Ritual killings are fast becoming the fad in Nigeria. This, many have attributed to the erosion of the country’s value system, which incidentally seem to have given rise to money becoming the god worshiped by youths. In this report, ISIOMA MADIKE, looks at why young people do everything fetish, including human sacrifice to get rich quick nowadays
Nigeria, many believe, is in great danger as ritual killings are gradually but steadily overshadowing all other crimes in the country. The evil has actually assumed a frightening dimension with many of the country’s youths jumping into it without thinking of the consequences of their actions. To a lot of people, the Nigerian society is fast losing its value system.
Those with this line of thought have also argued that money has unwittingly become the god worshiped by the youth. For this reason, young people, they said would do everything fetish, including human sacrifice, to get rich quick nowadays. This obsessive lust for money, others concurred, makes many of them to resort to doing the absurd as a way to realising their devilish desires. Today, an average youth on the street does not seem to value hard work or follow the process of growth any longer. They seem to have also jettisoned the law of sowing and reaping as they wish to turn billionaires overnight.
This might be the reason why they recently invented stealing female underwear to do money rituals. In the last few years, the number of people who have been butchered or raped to death remains countless even as the incident appears to have risen in the last few weeks. Just recently, emesis caught up with two young men, Hyginus Mbachi and Gambo Bulus, who reportedly killed a young man for alleged ritual.
One of the suspects had tricked the boy away from his father on the pretext that he was going to help him gain admission in the Republic of Cameroon. But, Mbachi and Bulus, who confessed to the crime, said the victim whom they alleged was a member of the Young Vikings confraternity was actually not the target for their ritual purpose but was stabbed in error.

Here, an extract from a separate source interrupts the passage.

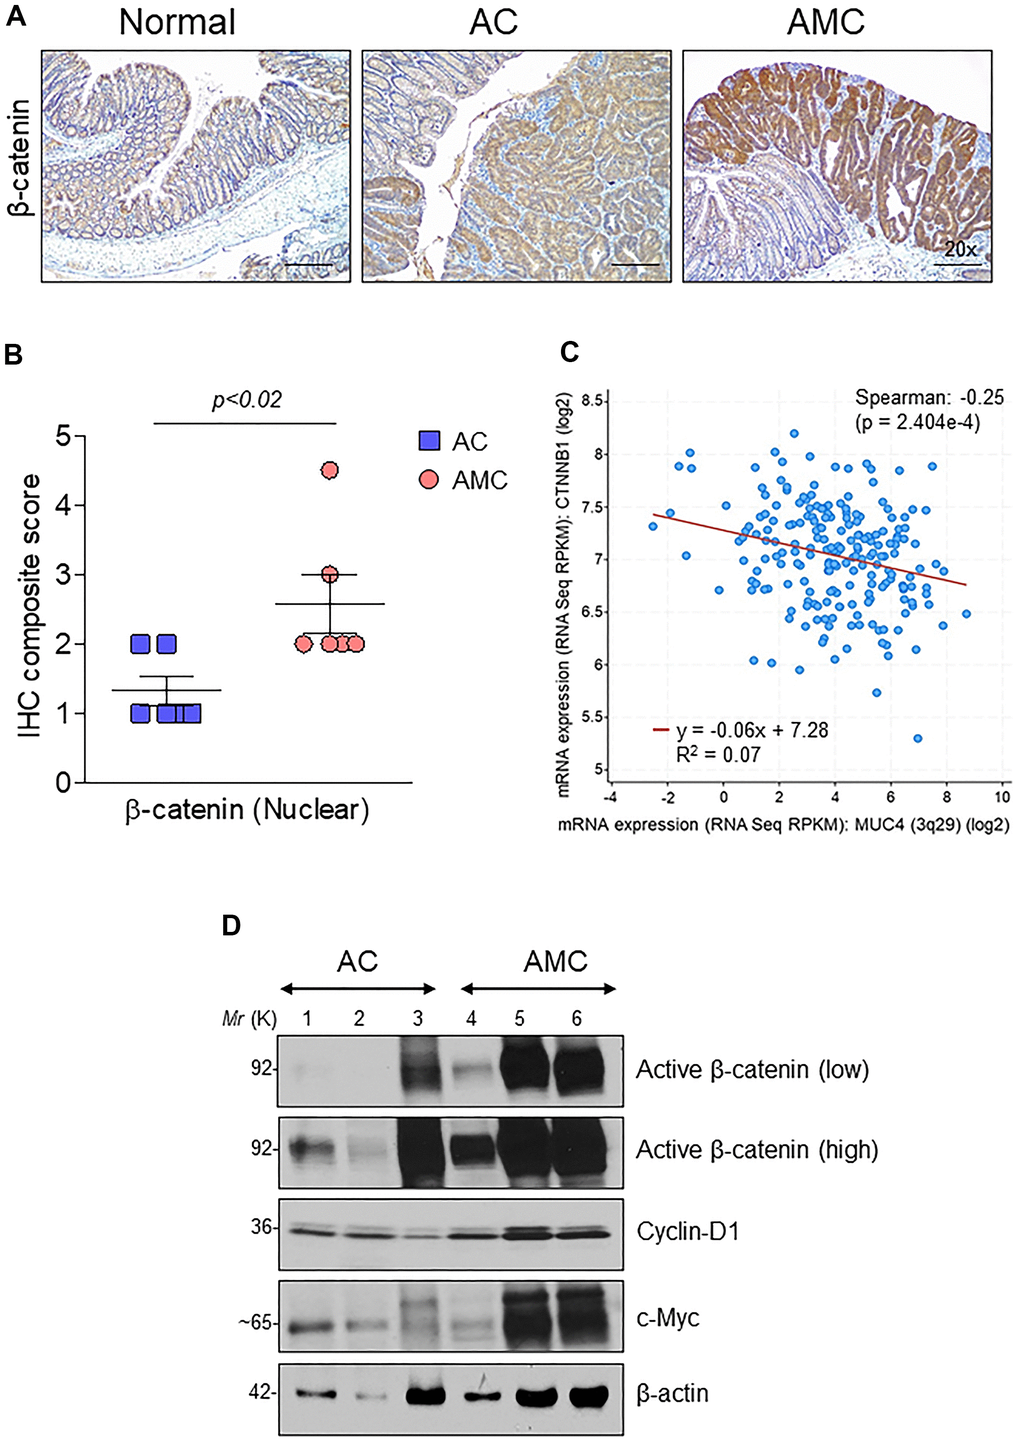 Muc4 deletion results in up-regulation of β-catenin signaling. (A) Immunohistochemical analysis of β-catenin in normal, AC and AMC animals. n = 6 (AC and AMC) and n=3 for normal group. (B) IHC composite score of nuclear β-catenin staining in AC and AMIC mice (C) MUC4 and CTNNB1 (β-catenin) correlated negatively in the TCGA-COAD dataset. (D) Immunoblot of active β-catenin and its target genes: cyclin-D1 and c-Myc expression in AC and AMC animals. n = 3 per group.

Before the killing, Mbachi, according to the Benue State Police Commissioner, Omololu Bishi, had defrauded the father of the boy of N208,150 being the alleged fee for the admission into a university in Cameroon. On May 6, the Niger State Police Command also apprehended three brothers for ritual killing in the Borgu Local Government Area of the state.
The suspects, Saminu Usman,25; Yusuf Usman, 22; and Muhammadu Usman, 35, all of Janruwa village in the Borgu LGA were reportedly arrested by a team of policemen attached to the New Bussa division after a complaint by the father of their victim, Yakubu Garba. It was learnt that the suspects abducted one Shehu Garba and whisked him away to an unknown location where they killed him for rituals. Northern City News reported that the men took their victim to a bush where they cut off one of his hands.
One of the suspects, Saminu, according to the report, alleged that his eldest brother, Mohammadu, instructed them to cut off their victim’s hand for ritual to enable them to be rich. He was quoted to have said: “It was actually not our intention to kill our victim for rituals. But after killing him, we cut off his hand, which we planned to use for ritual, before we were arrested by the police.
I don’t know what to say; but we have disappointed our parents and other family members. Imagine three brothers going to jail at the same time; we have ruined our lives.” In Edo State, a young man of 18 years of age, was also arrested by the police for allegedly killing his mother and slept with the corps for money ritual purposes.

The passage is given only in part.